Grace is a census-designated place and unincorporated community in Issaquena County, Mississippi, United States. It is located several miles northeast of Mayersville.

Grace has a post office with the ZIP code 38745.

Per the 2020 Census, the population was 77.

==History==
Grace is located on the former Yazoo and Mississippi Valley Railroad. In 1910, Grace was home to five general stores, a grocery store, a blacksmith, and a drug store.

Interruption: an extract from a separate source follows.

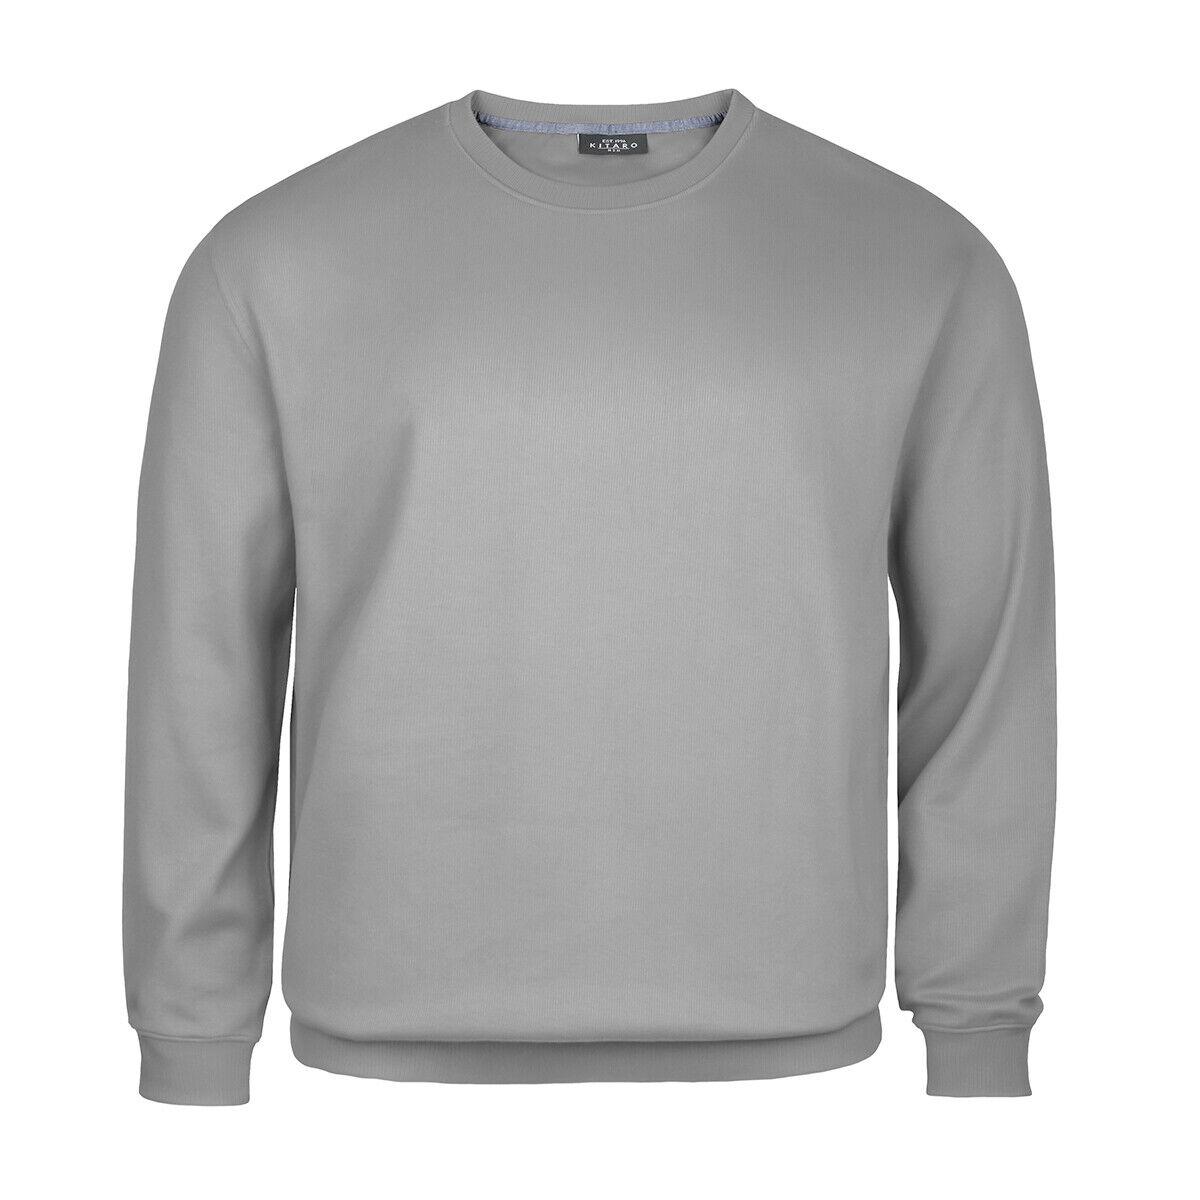 XXL Kitaro Sweatshirt Rundhals hellgrau meliert

Grace Mounds, which are listed on the Mississippi Mound Trail, are located near Grace.

==Demographics==

Grace was first listed as a census designated place in the 2020 U.S. census.

Historical population
| Census | Pop. | Note | %± |
| 2020 | 77 |  | — |
U.S. Decennial Census 2020

===2020 census===

Grace CDP, Mississippi – Racial and ethnic composition Note: the US Census treats Hispanic/Latino as an ethnic category. This table excludes Latinos from the racial categories and assigns them to a separate category. Hispanics/Latinos may be of any race.
| Race / Ethnicity (NH = Non-Hispanic) | Pop 2020 | % 2020 |
|---|---|---|
| White alone (NH) | 18 | 23.38% |
| Black or African American alone (NH) | 56 | 72.73% |
| Native American or Alaska Native alone (NH) | 0 | 0.00% |
| Asian alone (NH) | 1 | 1.30% |
| Native Hawaiian or Pacific Islander alone (NH) | 0 | 0.00% |
| Other race alone (NH) | 0 | 0.00% |
| Mixed race or Multiracial (NH) | 1 | 1.30% |
| Hispanic or Latino (any race) | 1 | 1.30% |
| Total | 77 | 100.00% |

==Climate==
The climate in this area is characterized by relatively high temperatures and evenly distributed precipitation throughout the year. According to the Köppen Climate Classification system, Grace has a Humid subtropical climate, abbreviated "Cfa" on climate maps.

==Education==
Most of Grace is in the South Delta School District (which operates South Delta High School) while some is in the Western Line School District.